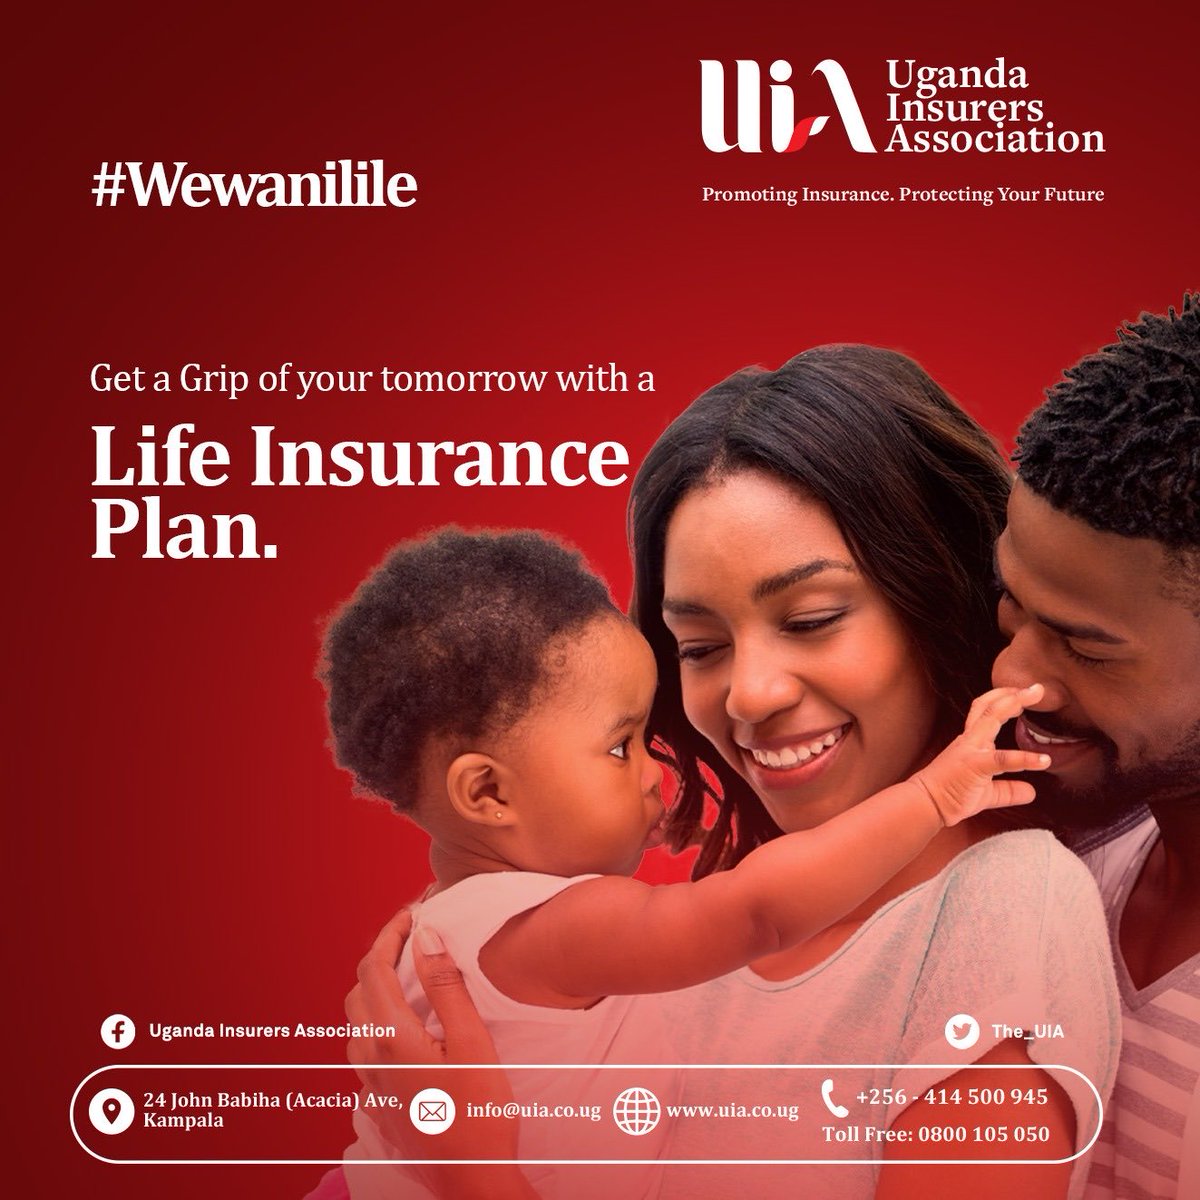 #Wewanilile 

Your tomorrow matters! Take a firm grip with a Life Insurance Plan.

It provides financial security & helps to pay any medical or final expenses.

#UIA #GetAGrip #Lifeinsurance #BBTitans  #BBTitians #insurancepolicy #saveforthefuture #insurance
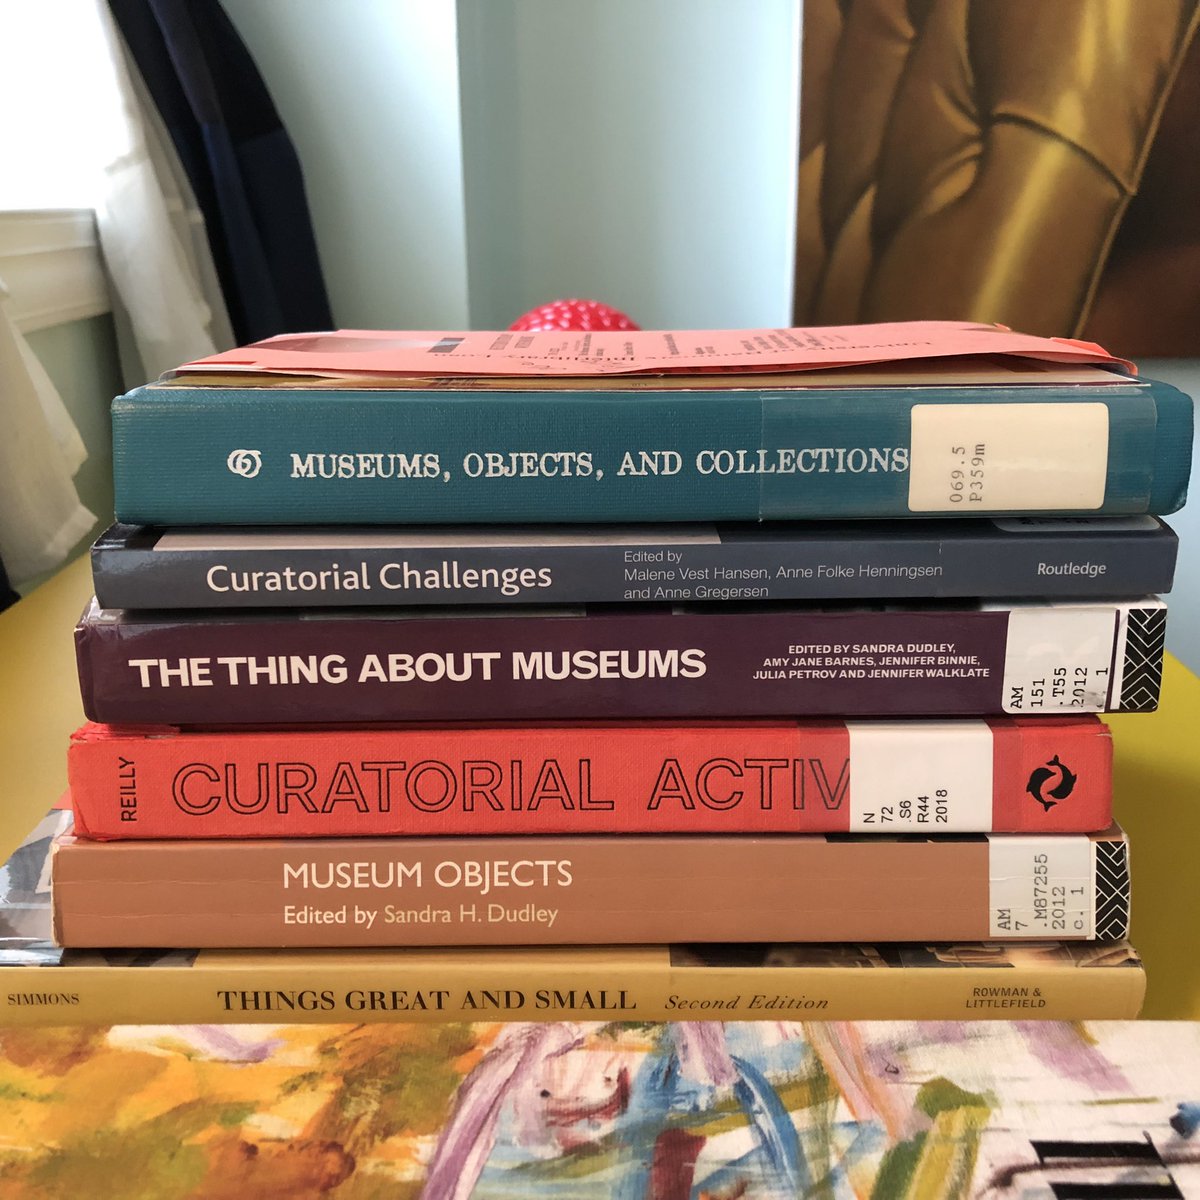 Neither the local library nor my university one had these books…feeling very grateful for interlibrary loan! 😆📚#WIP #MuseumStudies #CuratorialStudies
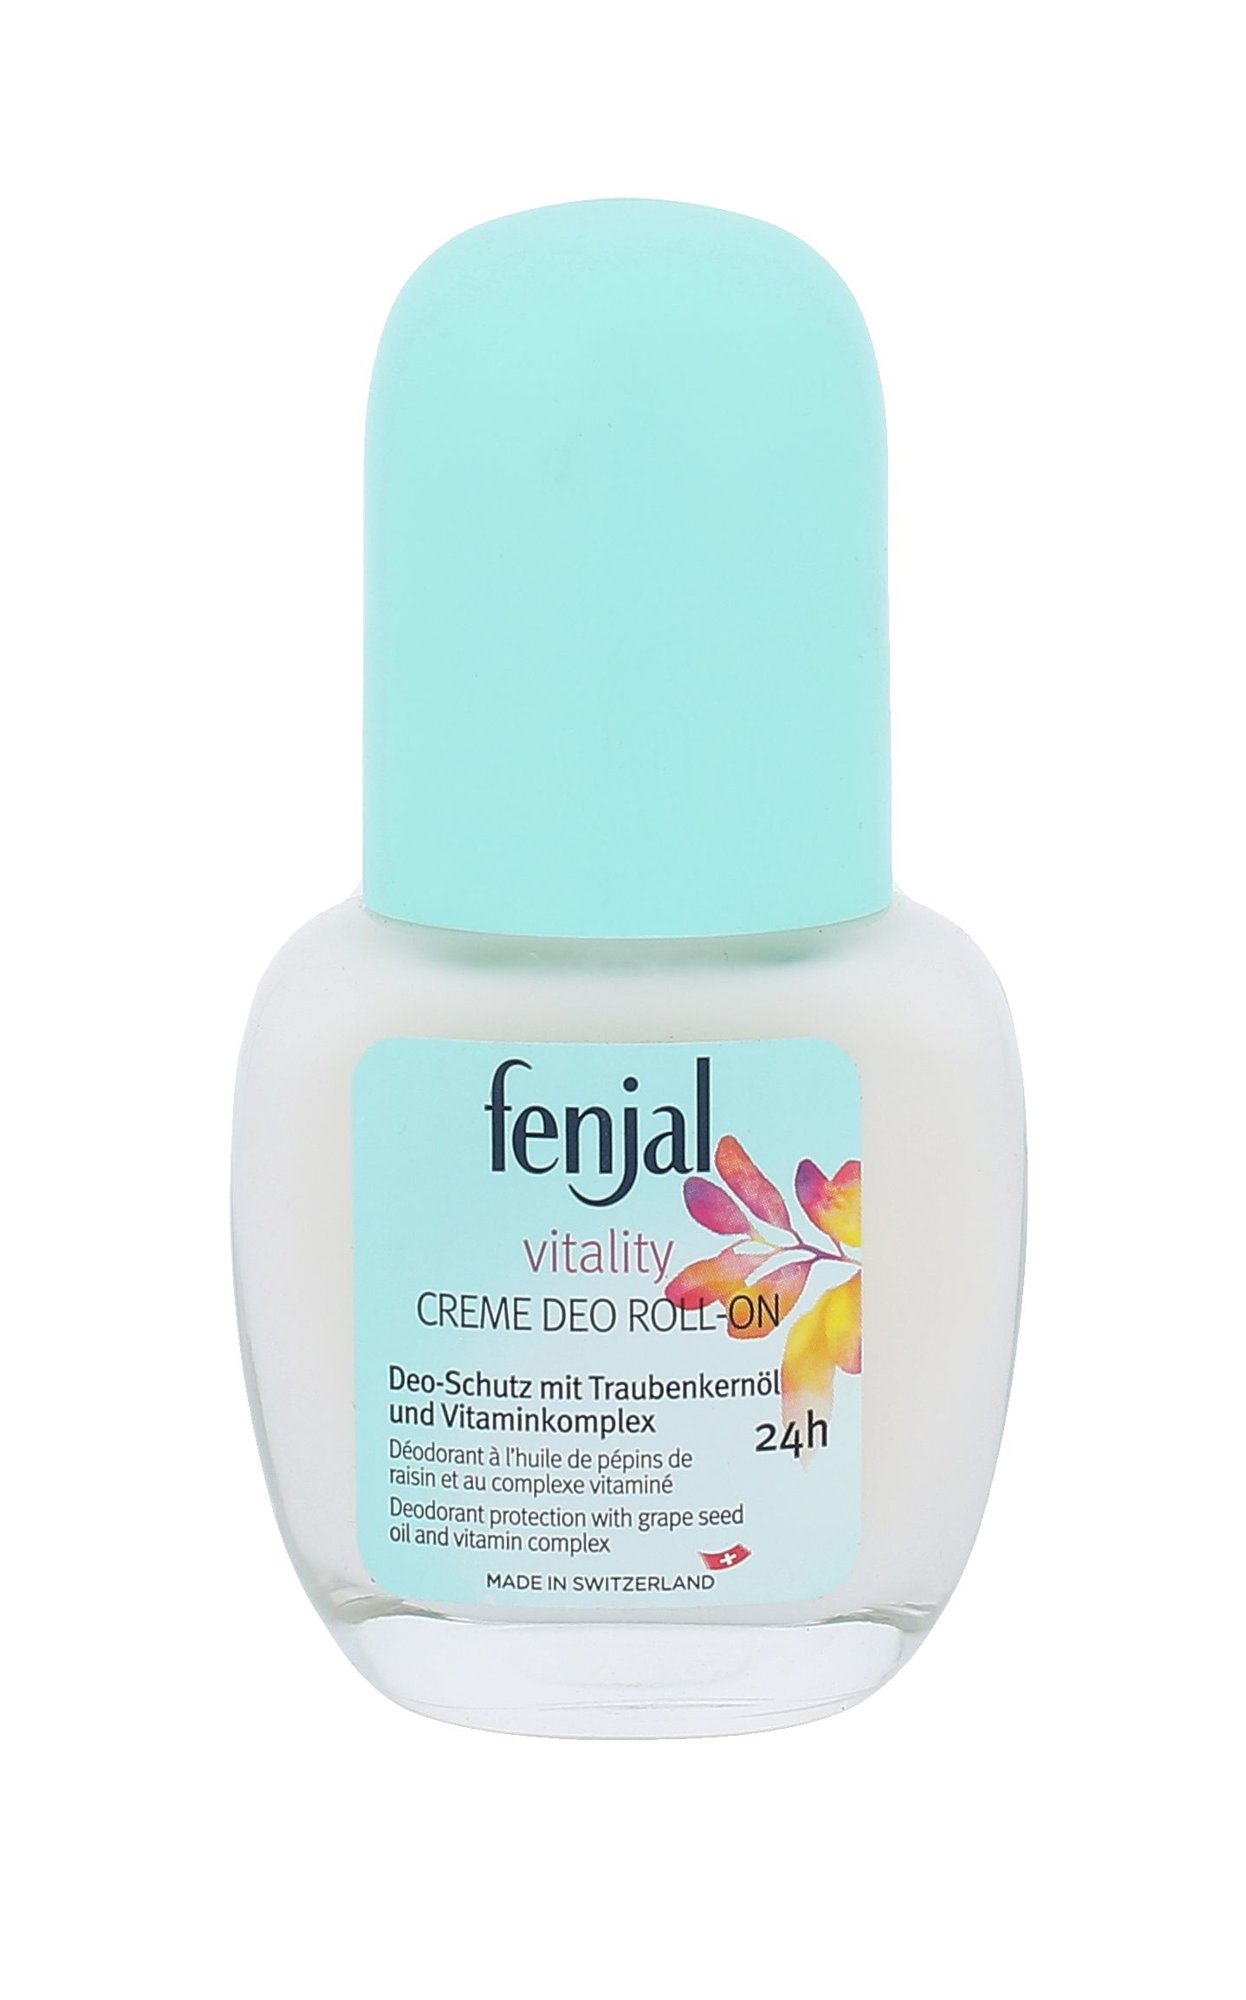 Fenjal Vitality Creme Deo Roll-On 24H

*What to do*: Word for word, print all of the data; skip the pictures.

*Written response*:
 #Wewanilile 

Your tomorrow matters! Take a firm grip with a Life Insurance Plan.

It provides financial security & helps to pay any medical or final expenses.

#UIA #GetAGrip #Lifeinsurance #BBTitans  #BBTitians #insurancepolicy #saveforthefuture #insurance
 Neither the local library nor my university one had these books…feeling very grateful for interlibrary loan! 😆📚#WIP #MuseumStudies #CuratorialStudies
 Fenjal Vitality Creme Deo Roll-On 24H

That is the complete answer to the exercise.